The maker of pianos, saxophones and trumpets said that Paulson & Co raised its offer to $40 a share from $38 after South Korea's Samick Musical Instruments Co Ltd tabled a $39 per share bid.
Steinway had in early July agreed to be acquired by private equity firm Kohlberg & Co for $35 per share offer or $438 million. The agreement had a provision for a 45-day ''go-shop'' period during which time Steinway could solicit alternative proposals. (See: PE firm Kohlberg to buy Steinway Musical)
But a day before the ''go-shop'' period was due to expire on 14 August, Paulson & Co tabled a competing $38-a-share, or about $478 million - nearly 9 per cent higher than Kohlberg's offer.
Kohlberg backed out from a bidding war, but Samick Musical, Steinway's biggest shareholder, entered the race with a counter $39 per share bid, which was immediately topped by Paulson & Co with a $40 a share offer.

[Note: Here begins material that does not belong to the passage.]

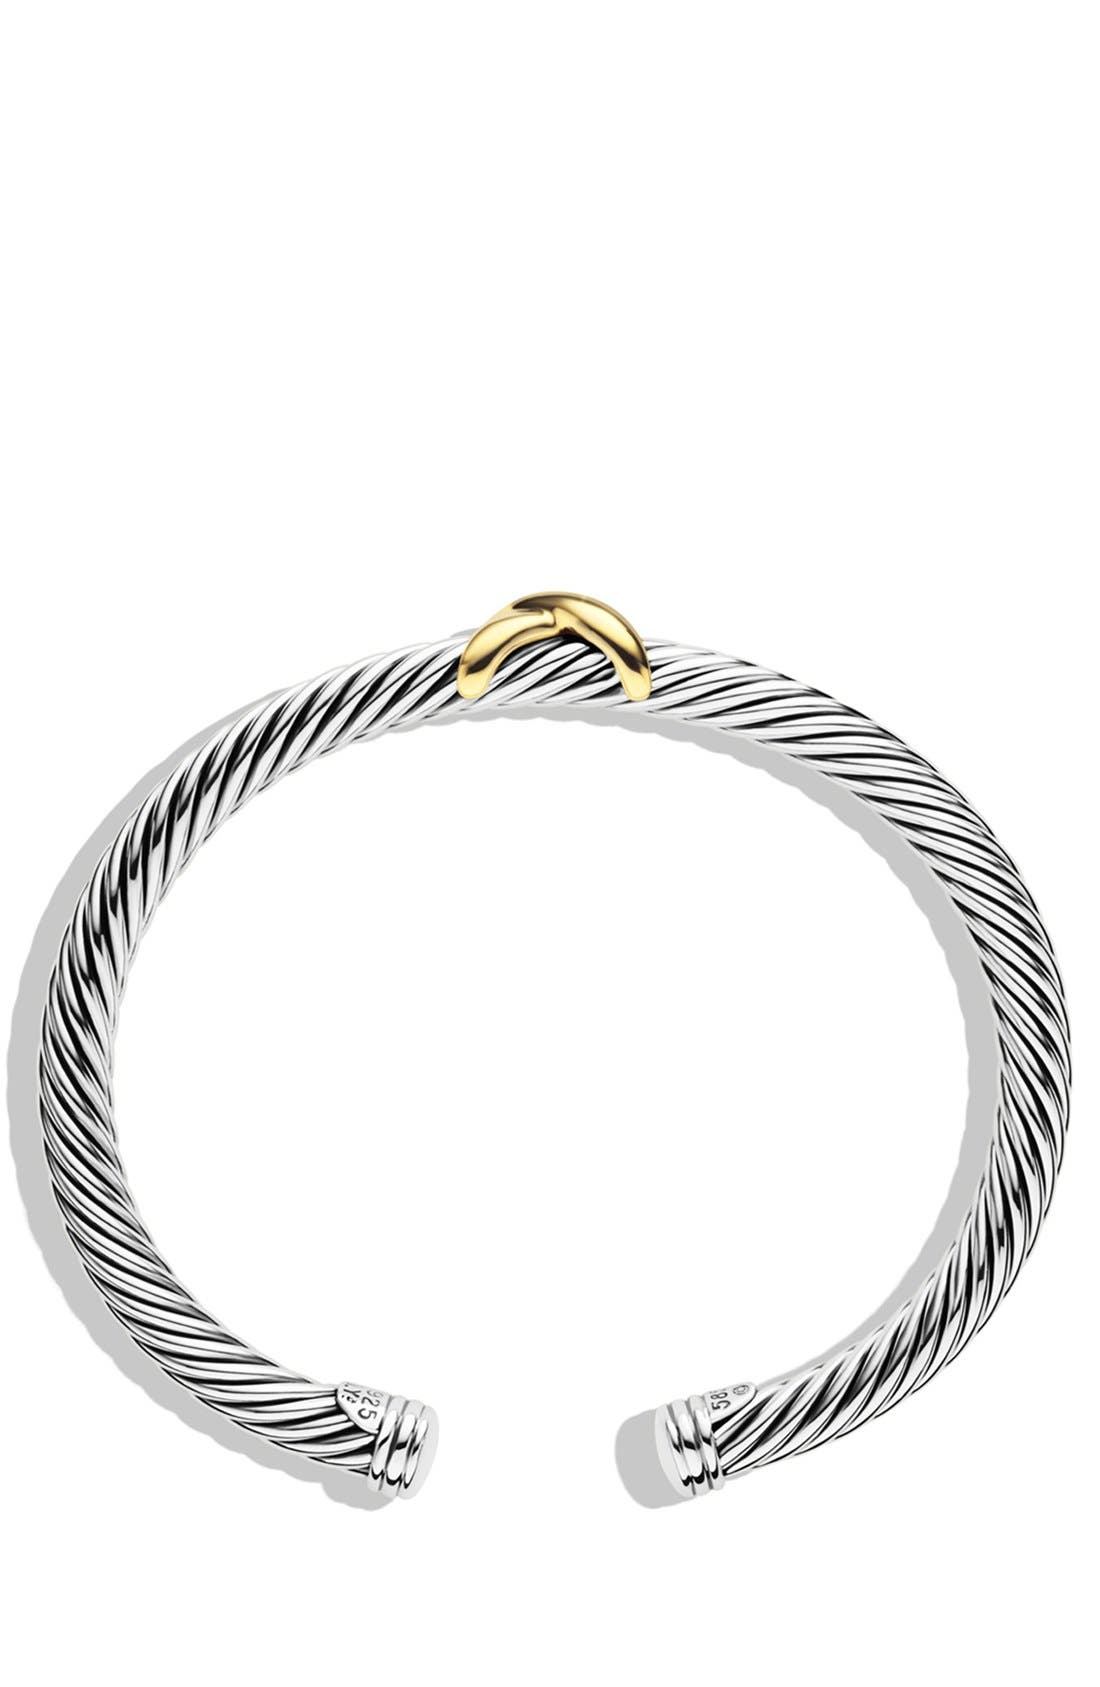 Alternate Image 2  - David Yurman 'X' Bracelet with Gold

Michael Sweeney, chairman and CEO of Steinway said, ''The company conducted a comprehensive ''go-shop'' process resulting in Paulson's offer, which reflects the attractive value of the company's heritage and growth opportunities.''
''At $5.00 per share more than the offer from Kohlberg, this transaction provides shareholders significant additional value for their investment …….. . We look forward to much success in this next chapter for Steinway,'' he added.
Steinway, whose pianos can take almost a year to make and cost around $200,000, will pay Kohlberg a termination fee of $6.7 million and $13.4 million as break-up fee to Paulson & Co in case it agrees to a superior offer from another suitor.
Founded in 1853 by German immigrant Henry Engelhard Steinway, and his three sons, Massachusetts-based Steinway makes high quality musical instruments, including the Bach Stradivarius trumpets, Selmer Paris saxophones, C.G. Conn French horns, Leblanc clarinets, King trombones, Ludwig snare drums and Steinway grand pianos.
Through its online music retailer, ArkivMusic, the Company also produces and distributes classical music recordings.
The 160 year-old company has grown through aggressive acquisitions and has a workforce of over 1,600 people and 1 manufacturing facilities in the US and Europe.
For 2012, the New York Stock Exchange-listed company posted net income of $13.5 million on revenues of $353 million.
The company has 11 manufacturing facilities in the US and Europe and employs around 1,700 people.